|Publication number||US4901803 A|
|Application number||US 07/211,875|
|Publication date||Feb 20, 1990|
|Filing date||Jun 27, 1988|
|Priority date||Jun 26, 1987|
|Publication number||07211875, 211875, US 4901803 A, US 4901803A, US-A-4901803, US4901803 A, US4901803A|
|Original Assignee||Institut Francais Du Petrole|
|Export Citation||BiBTeX, EndNote, RefMan|
|Patent Citations (7), Referenced by (5), Classifications (9), Legal Events (5)|
|External Links: USPTO, USPTO Assignment, Espacenet|
This invention relates to a method and a piece of equipment for performing drilling operations and servicing in an underwater well from a floating surface installation.
Techniques are already known for performing drilling operations and servicing in an underwater well from a surface installation using a piece of equipment for an underwater wellhead, a riser connecting the top of this piece of equipment to the surface installation, this riser comprising a main string and peripheral auxiliary hoses for servicing and remote control that connect said piece of equipment to said installation.
These techniques are, for example, illustrated by U.S. Pat.

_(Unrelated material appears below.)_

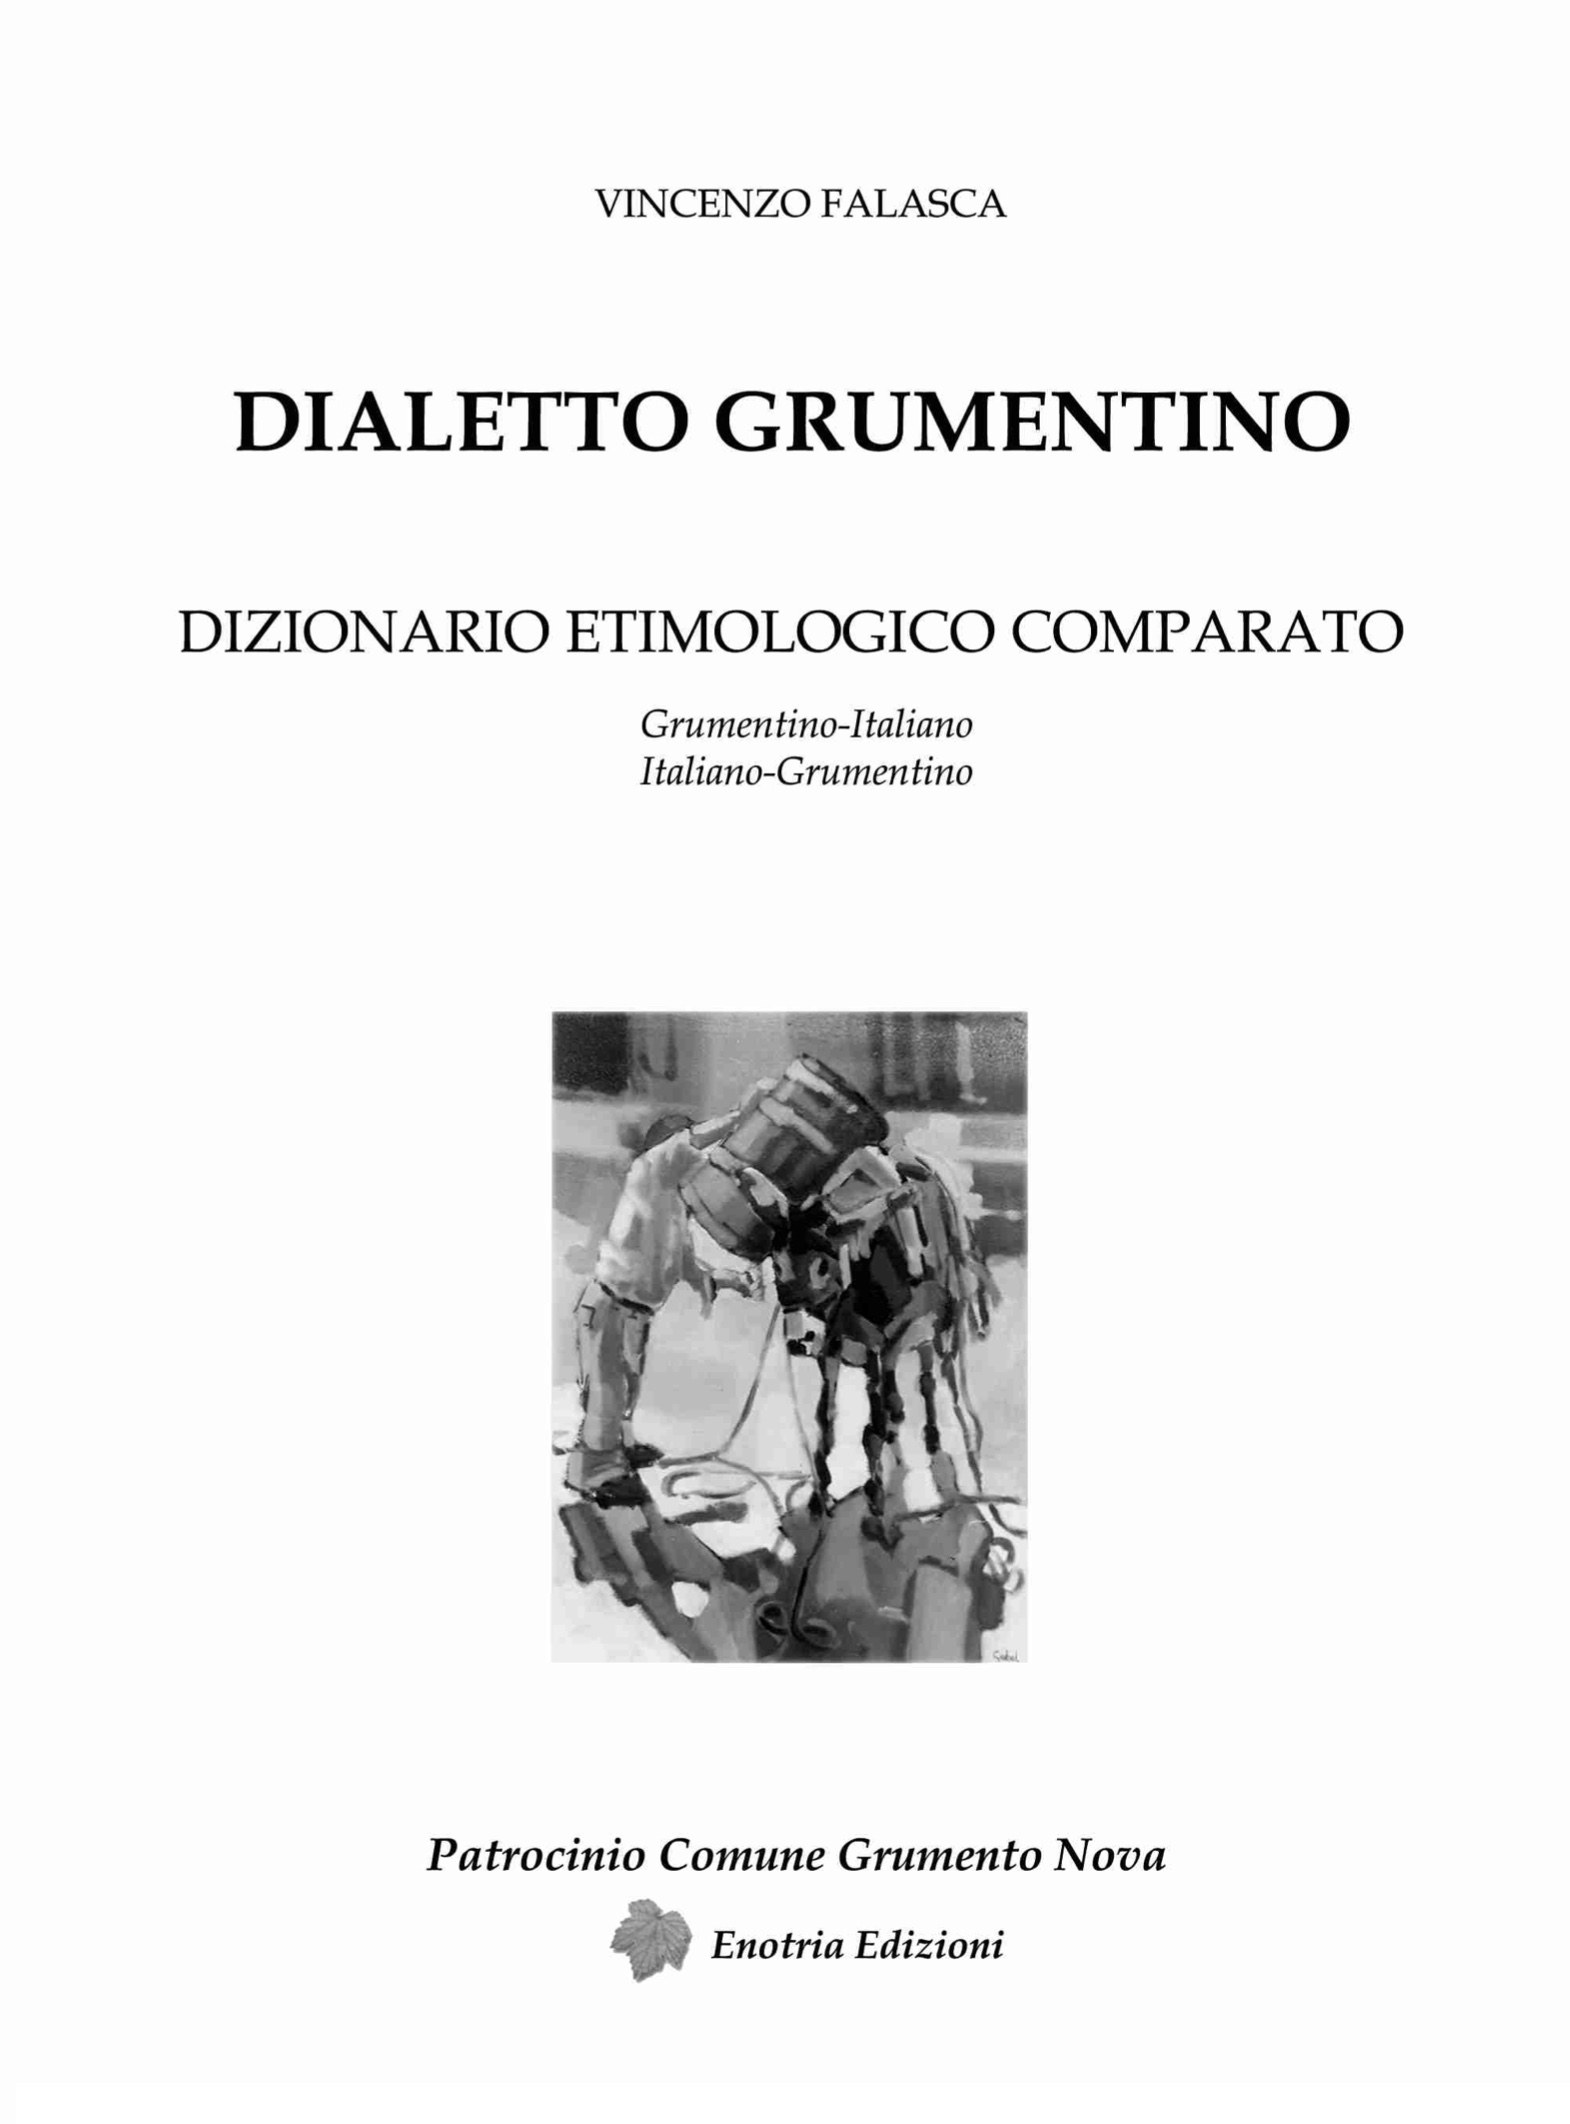 Dialetto Grumentino: Dizionario etimologico comparato
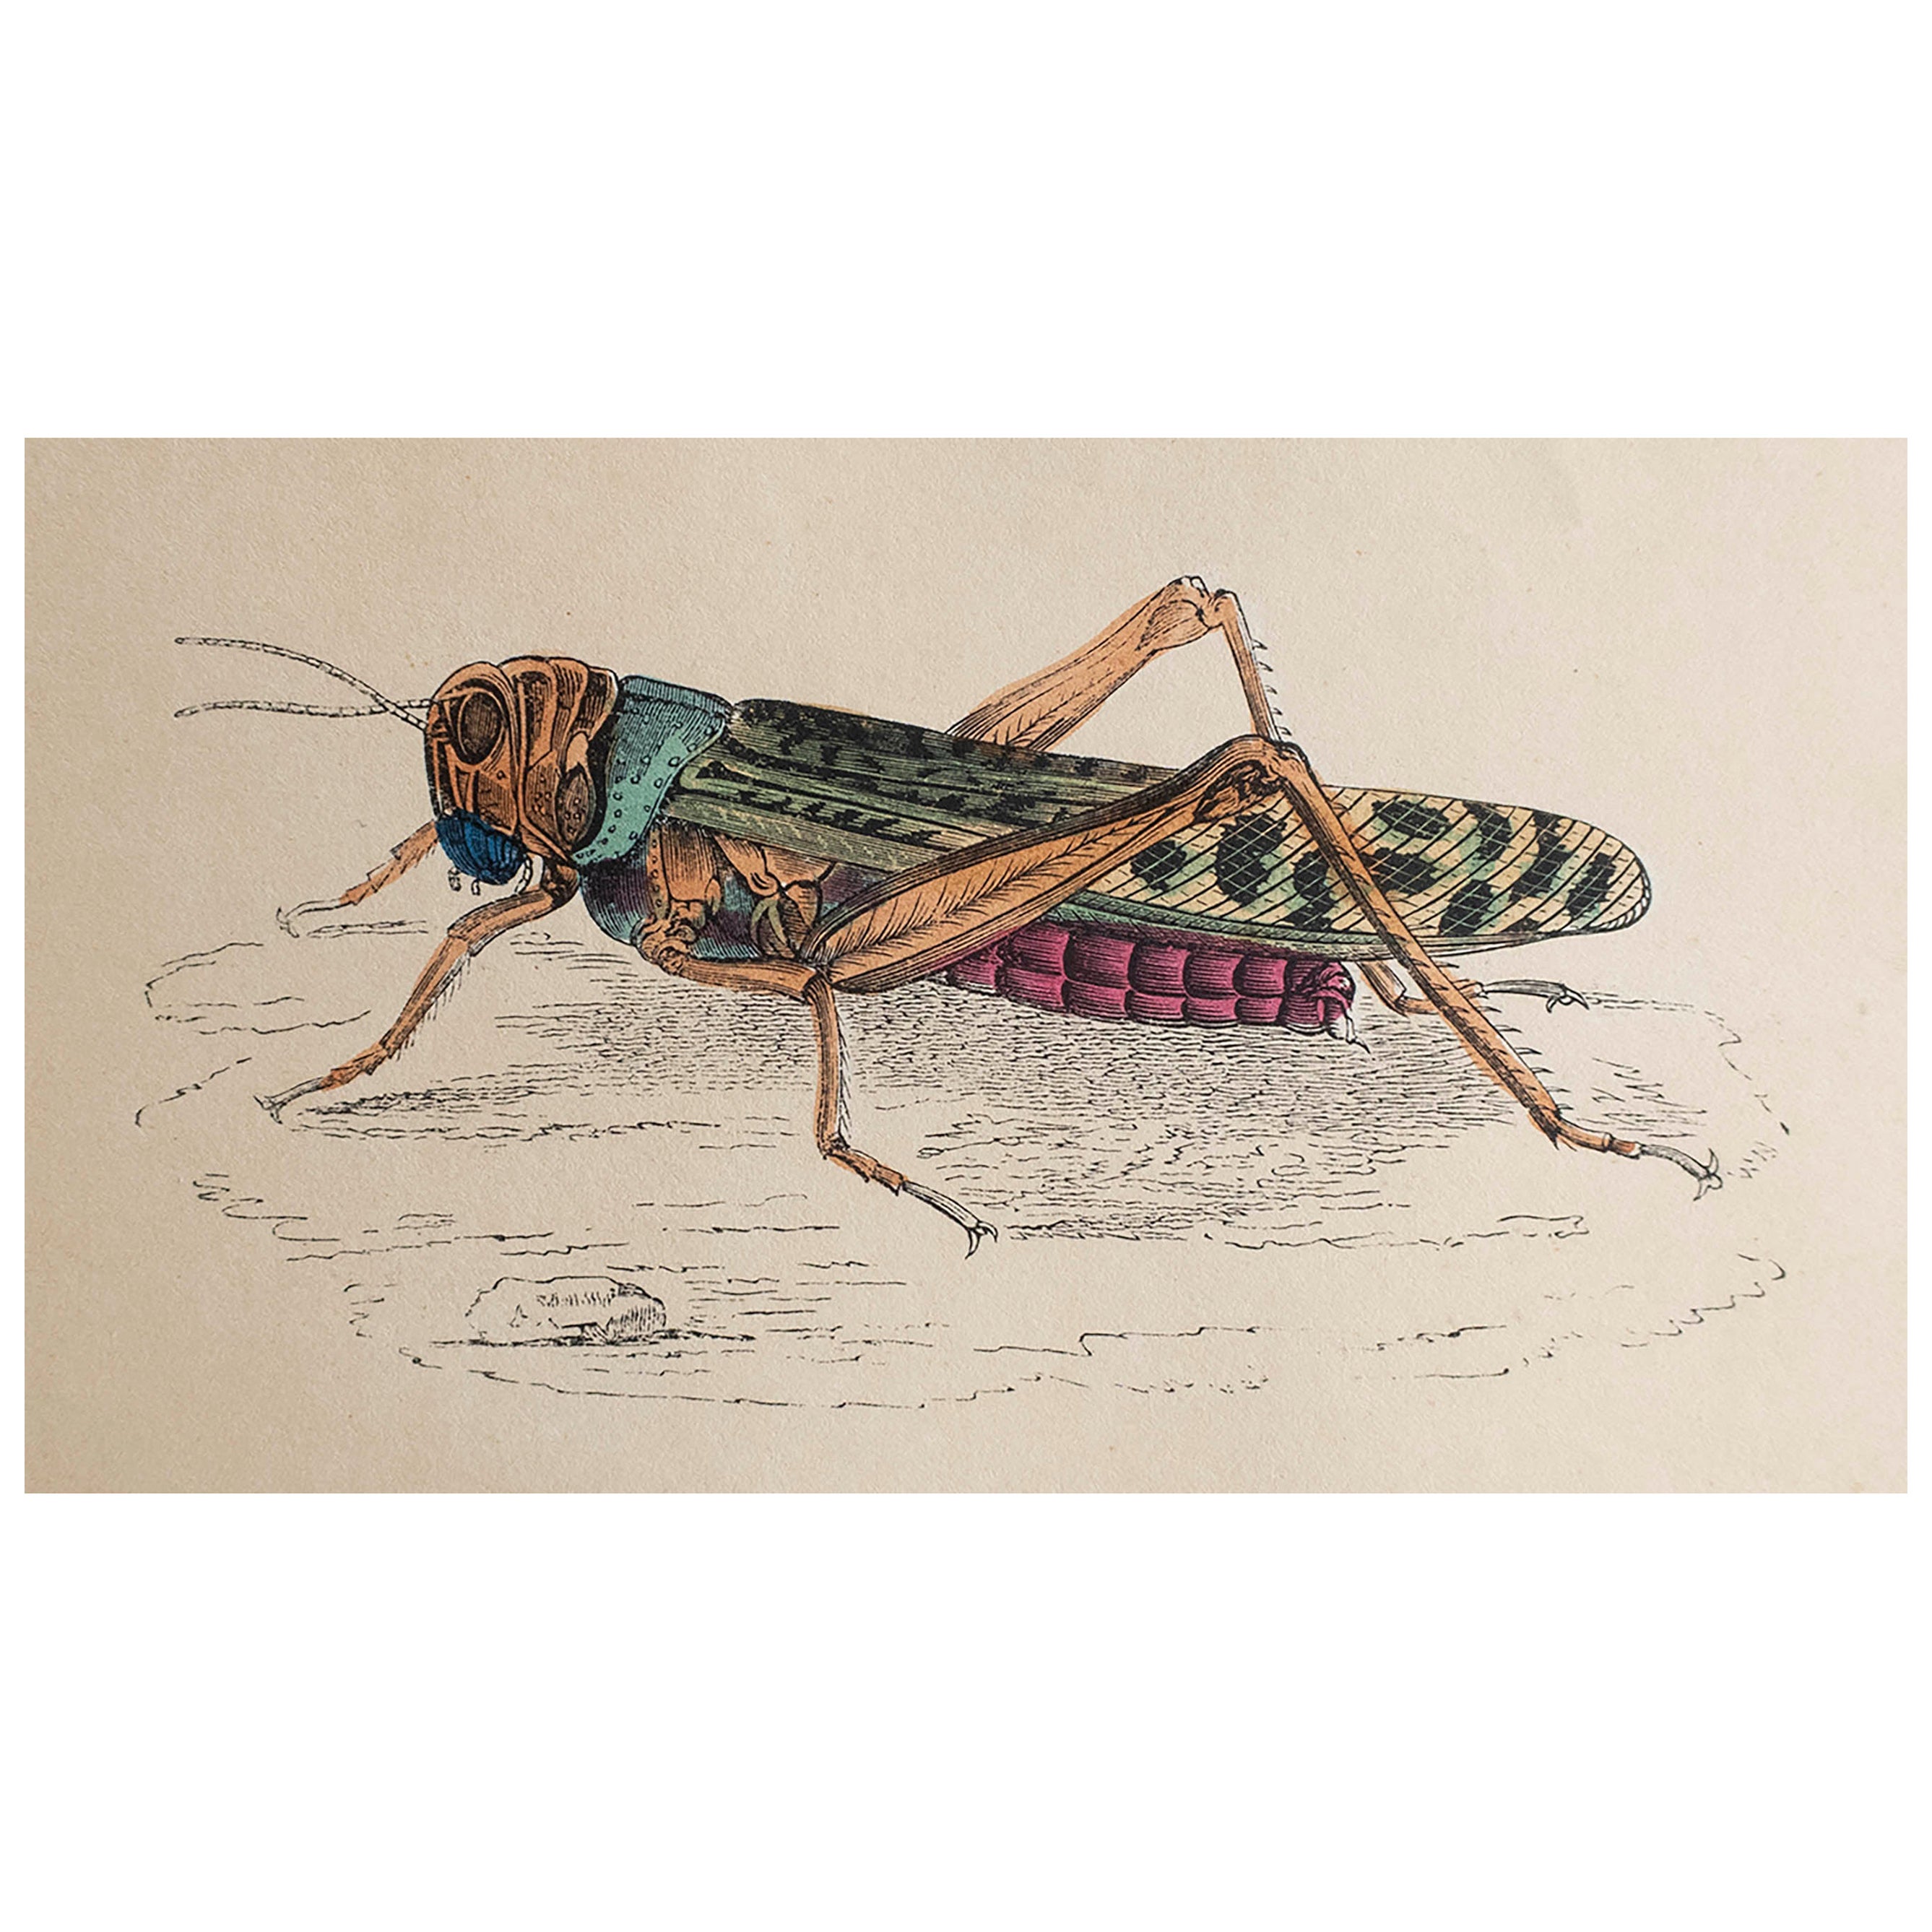  Original Antique Print of A Locust, circa 1850 For Sale

Nos. 3,424,241; 3,424,242; 3,532,162 and 4,281,716, French patent 1,363,487 and British patent 1,058,110.
These prior techniques exhibit a certain number of drawbacks.
In particular, rapid disconnection of the riser in stormy weather presents a breaking risk all the higher the greater the water depth. On the other hand, it requires equipping the riser with buoyancy elements having large dimensions to support the unit consisting of the main string and the satellite or peripheral auxiliary hoses that are fastened to this main string.
Moreover, the positioning of these risers is protracted and requires frequent interruptions allowing pressure tests of the peripheral hoses to be performed at each addition of a new riser element.
The invention eliminates the drawbacks indicated above by providing, in particular, a method for performing drilling operations and servicing in an underwater well from a surface installation, characterized particularly by he following successive steps:
(a) said piece of equipment is connected in a removable way to the lower end of a first section of the main string, supported from the surface installation and to said piece of equipment are connected laterally the lower ends of auxiliary hoses for servicing and remote control whose upper ends are held on said installation, at a distance from said main string, with interposition of curvature-limiting elements directed downward, in the vicinity of said piece of equipment, so that, under the action of gravity, each of said auxiliary hoses forms a catenary, at a distance from said main string, between said piece of equipment and the surface installation,
(b) said piece of equipment is gradually lowered from the surface installation, being made up of successive sections of said central string and causing a sufficient length of said auxiliary hoses to advance from the surface installation until said piece of equipment is connected to the top of the wellhead, and
(c) the length of said auxiliary hoses is adjusted from the surface installation, thus modifying the distance separating said catenaries from the bottom of the water.
An embodiment of the invention is described below with reference to the accompanying figures of which:
FIG. 1 illustrates a type of equipment for putting the invention into practice,
FIGS. 2 and 3 show different steps for positioning a piece of equipment according to the invention.
The piece of equipment illustrated by FIG. 1 comprises:
(1) A drilling riser (1) that is very simplified and lighter. In fact, it is reduced to a main tube (outside diameter measured in inches 21" or 18 5/8" most often) composed of unit sections, called joints, with a length (measured in feet) varying between 50' and 80' depending on the onboard handling capabilities. This riser is assembled by connecting each joint vertically to the preceding one and so on.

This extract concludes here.